However, the boys’ outfits reaffirm that Y tu means to root their homophobia in class desire as well as class anxiety (767). Indeed, the boys’ cross-class costumes sadly suggest that they can only cite (as opposed to perform or inhabit) their desires. As their clothes and demeanors suggest, class bias and homophobia have mutually directed the boys away from the queer mestizaje they created in San Bernabé, making gay union and political union equally impossible—two mythical Heaven’s Mouths (Pérez-Torres 192).

Yet this interpretation only becomes available if the boys get to have (implicit) sex. If not, if you see the R-rated Y tu, then there can be no metaphoric reading of the discomfort they express in one another’s presence at the coffee shop. Their dress now only signifies the paradoxical fashions of their social cliques, because there is no trauma, no forbidden transgression of heteronormativity and class prohibitions for it to refer to. When Tenoch leans back and crosses his arms protectively as Julio brings him up to date on their gay friend Daniel, his actions have no political significance, because they no longer suggest that Tenoch is suffering from an internalized homophobia brought to the fore by an experience of mestizaje that his culture will not condone. These absences disrupt the narrator’s ability to interpret his own story, since most voice-overs only have to mask the spectator’s castration, not the movie’s:

"The voice-over in classic Hollywood cinema, usually spoken by a film’s protagonist, is an 'ideological operation' that sutures over the 'trauma of castration' present in every film experience. As psychoanalytic film critic Kaja Silverman argues, the viewer is always on the verge of discovering this castration—his or her own lack of mastery over the filmic event—as cuts and edits reveal the artifice of the filmic experience. As an ideological operation, the voice-over disavows this lack, 'since it restores the viewer to his or her preordained subject-position and re-secures existing power relations.'” (Saldaña-Portillo 771-772)

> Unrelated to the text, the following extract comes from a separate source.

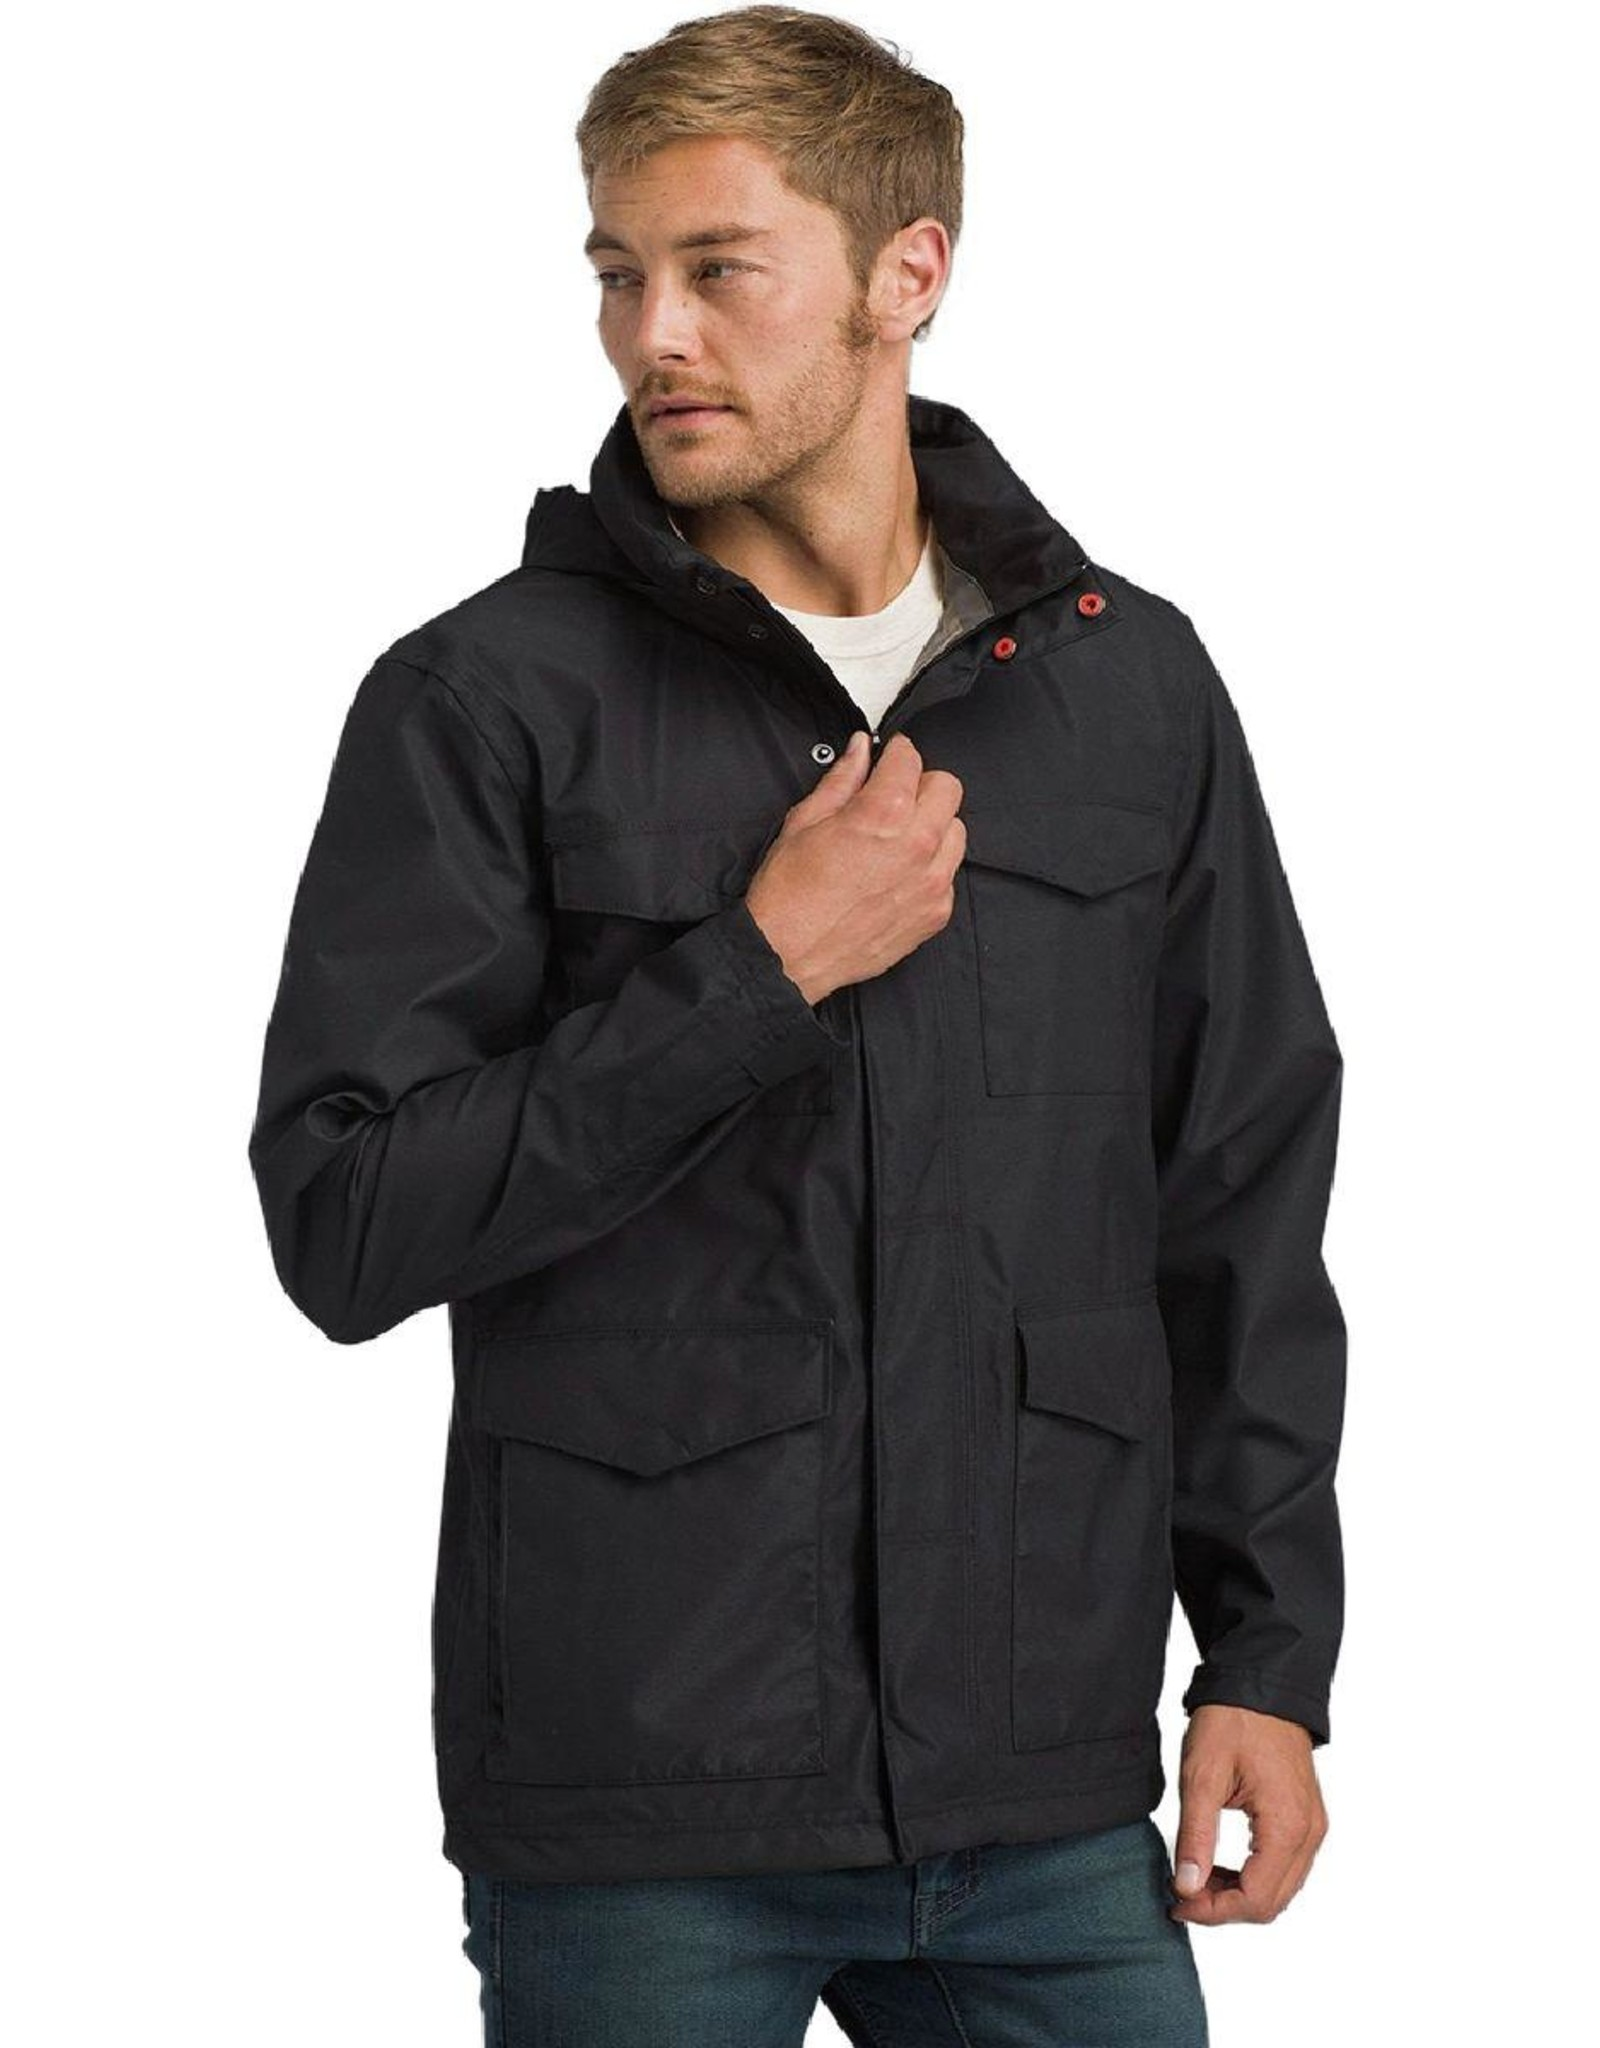 Prana M-65 jacket

The narrator of the unrated Y tu mamá también performs precisely this function, covering over the spectator’s lack of mastery by asserting a mastery of his own. Each time he commandeers the camera and the audio track, the narrator indicates that he has complete control of his film. The spectator can therefore assuage her lack of mastery by identifying with the narrator, although such an identification conveniently requires that she agree with the narrator’s political opinions (or at least entertain them for the duration of the film). The R-rated Y tu undermines this identification, however, because the narrator is unable to suture over the “trauma of [his narrative’s] castration” (Silverman 12). There is no longer any logic to provide closure to the movie or its argument. Although we still know “they will never meet again,” we cannot figure out why. Mestizaje failed, but it just failed, because the R-rated Y tu replaces the rift neoliberalism left in Mexico’s economy with the rift of a missing climax.